Gerald F. Ricciardi

A flat laser array aperture

We describe a design concept for a flat (or conformal) thin-plate laser phased-array aperture. The aperture consists of a substrate supporting a grid of single-mode optical waveguides fabricated from a linear electro-optic material. The waveguides are coupled to a single laser source or detector. An arrangement of electrodes provides for two-dimensional beam steering by controlling the phase of the light entering the grid. The electrodes can also be modulated to simultaneously provide atmospheric turbulence modulation for long-range free-space optical communication. An approach for fabrication is also outlined.

Effects of channel mismatch and phase noise on jamming cancellation

Various hardware errors, including channel mismatch and phase noise, adversely affect the performance of jamming sidelobe cancellation in a digital beamforming array that combines array elements into overlapped subarrays for digital combining and uses auxiliary channels to obtain an estimate of the jammer signals. Analysis is needed to determine how much hardware error can be tolerated to obtain a desired level of jamming cancellation performance. We derive analytical, closed-form expressions that separately relate channel mismatch and phase noise to jamming cancellation ratio (CR) in a sidelobe cancellation system. We also validate our theoretical results using a high-fidelity simulation that models the phased array and signal processing chain, and obtain a close agreement between the theoretical and simulated results. By incorporating the errors in element- and subarray-level combining weights, we show that CR can be a misleading metric and it is more useful to consider the residue powers. We show that the residue power curve is proportional to the subarray pattern and provide design guidelines for improving jamming cancellation performance.

A Fast-Performing Error Simulation of Wideband Radiation Patterns for Large Planar Phased Arrays With Overlapped Subarray Architecture

We present an efficient solution for the fast computation of wideband radiation patterns of large planar arrays with overlapped subarray architecture, subject to beamforming errors. We obtain very good results fully hosting the simulation on a desktop platform, and even better results implementing a small portion of code on commercially-available graphical processing units (GPUs). Errors can be introduced throughout the beamforming chain and include random phase/magnitude errors, element failures, and surface deformation errors. At the core of the computational architecture are interchangeable primitives that quickly compute the entire far-field subarray pattern, subject to errors and user-defined tapers. The primitives are routines that address the general case of arrays with non-uniformly spaced elements (to model surface distortion) and the special case of arrays with uniformly-spaced elements. Both grid-type primitives are CPU hosted, while only the general non-uniform grid primitive type is GPU hosted due to its excellent run-time performance. The simulation quickly generates wideband patterns for the entire forward-looking hemisphere with sufficient resolution to accurately evaluate directivity and sidelobe metrics. Using only the non-uniform grid type hosted on the GPU, we show significant run-time improvement over both CPU-hosted implementations: 18.0 × over the general non-uniform grid and 5.7 × over the uniform grid.

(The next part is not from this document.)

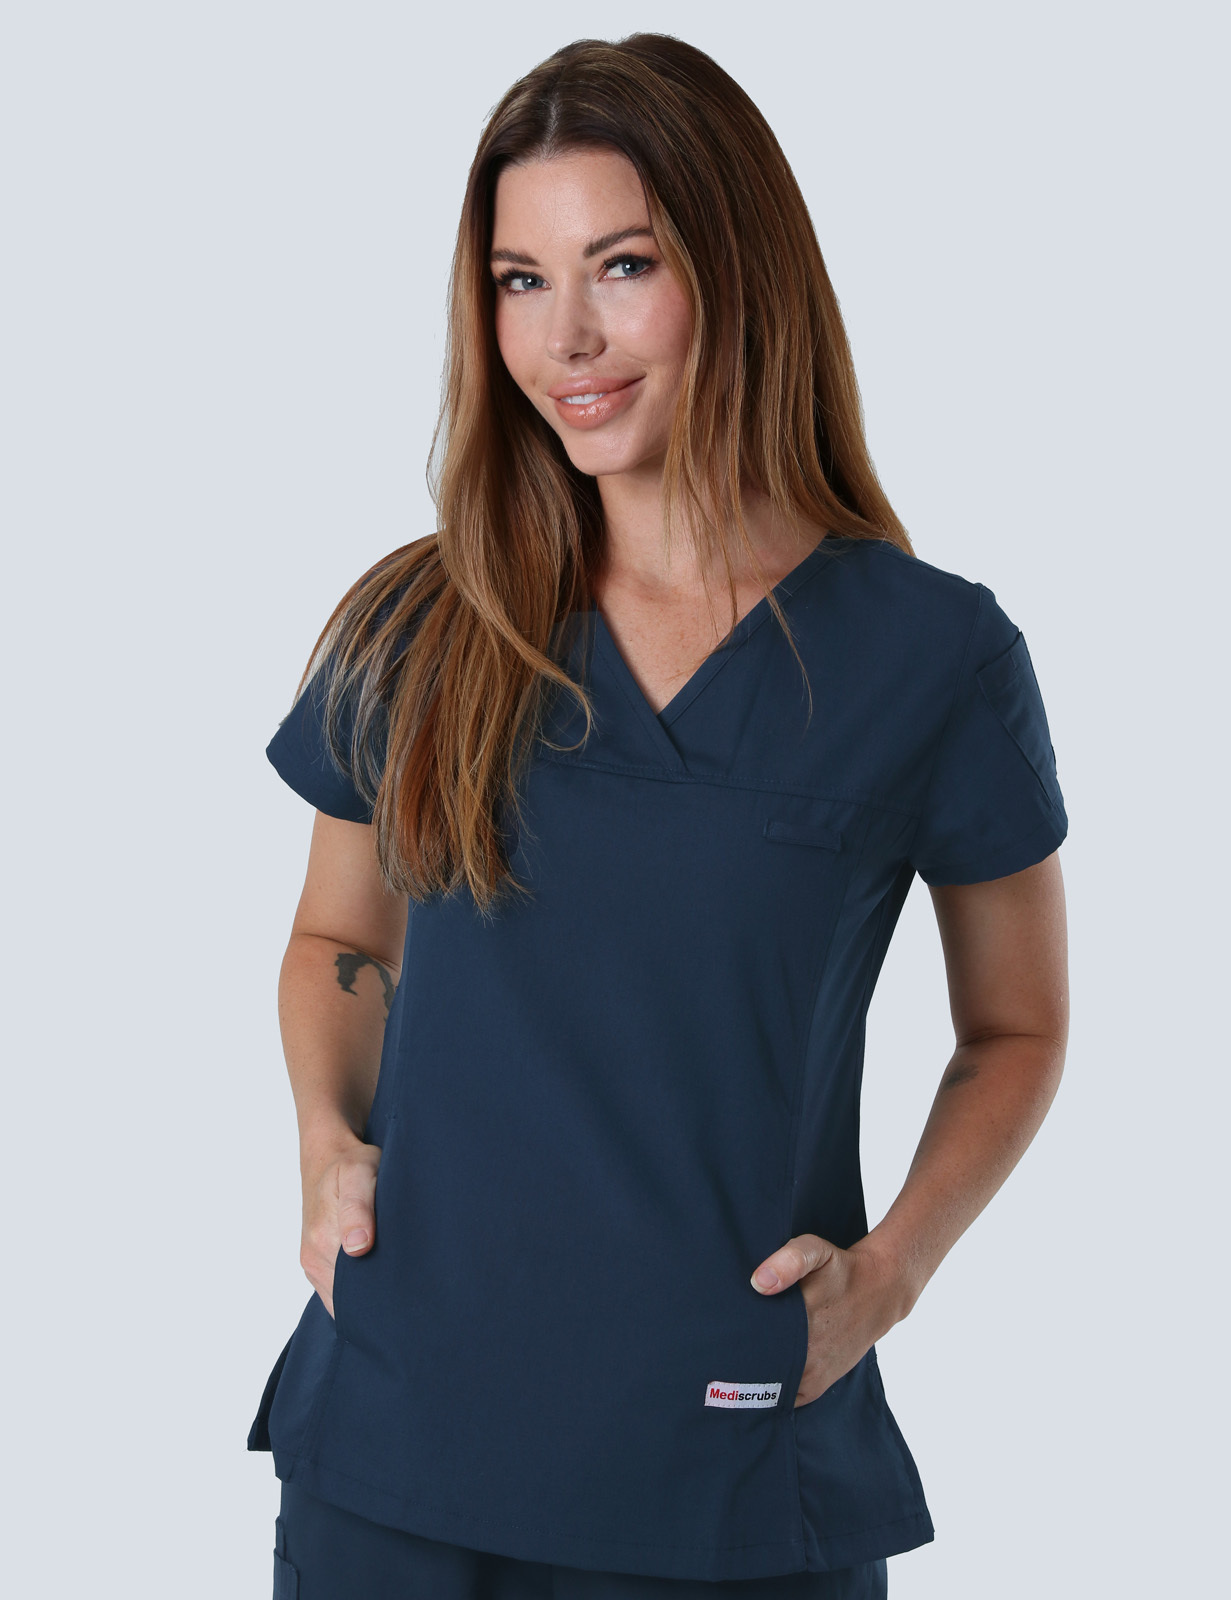 Redcliffe Hospital - ICU (Women's Fit Solid Scrub Top in Navy incl Logos)

Performance assessment of sidelobe jamming cancellation using stretch processing

We investigate via simulation the performance of the two major classes of algorithms that cancel sidelobe jamming in a wideband phased array radar that uses stretch processing of beamspace output. The deramper in stretch processing renders the statistics of the jamming non-stationary. One approach for addressing the non-stationarity is to divide the stretched output into segments and apply narrowband equalization on each segment. The other approach is to model the weight vector as time-varying. To each approach we also add subbanding to decrease the non-stationarity of the stretched jammer signals and time-taps to combat dispersion across the array. We show via simulation that since the jammers are in the sidelobe region, both approaches provide comparable performance in terms of cancellation ratio (CR) and loss in signal-to-interference-plus-noise ratio (SINR). But since the segmentation-based approach is approximately eight times less complex and channelization through subbanding aids in channel equalization, its subbanded variant is the preferred algorithm for wideband sidelobe cancellation.

Characterization of amplitude modulation bias coupling for solid-state high-power amplifiers

A method is developed and validated to empirically characterize unwanted spectral coupling from a non-ideal power supply bias to the radio frequency (RF) output for solid-state high-power amplifiers (HPAs) operating in saturation. Specifically, the method currently addresses how power supply ripple amplitude modulates the RF carrier output by characterizing an amplitude modulation bias coupling (AMBC) factor as a function of carrier frequency and power supply ripple frequency. With this coupling factor, one is able to use an analytical predictive model to understand the impact of various levels of bias ripple voltages on the HPA output spectrum. The approach examines the relative AM sideband levels in the frequency domain to empirically quantify the level of mixing that occurs since it is difficult to measure such small variations of interest in the time domain. A commercially available gallium nitride HPA and standard test equipment are used to demonstrate the characterization process.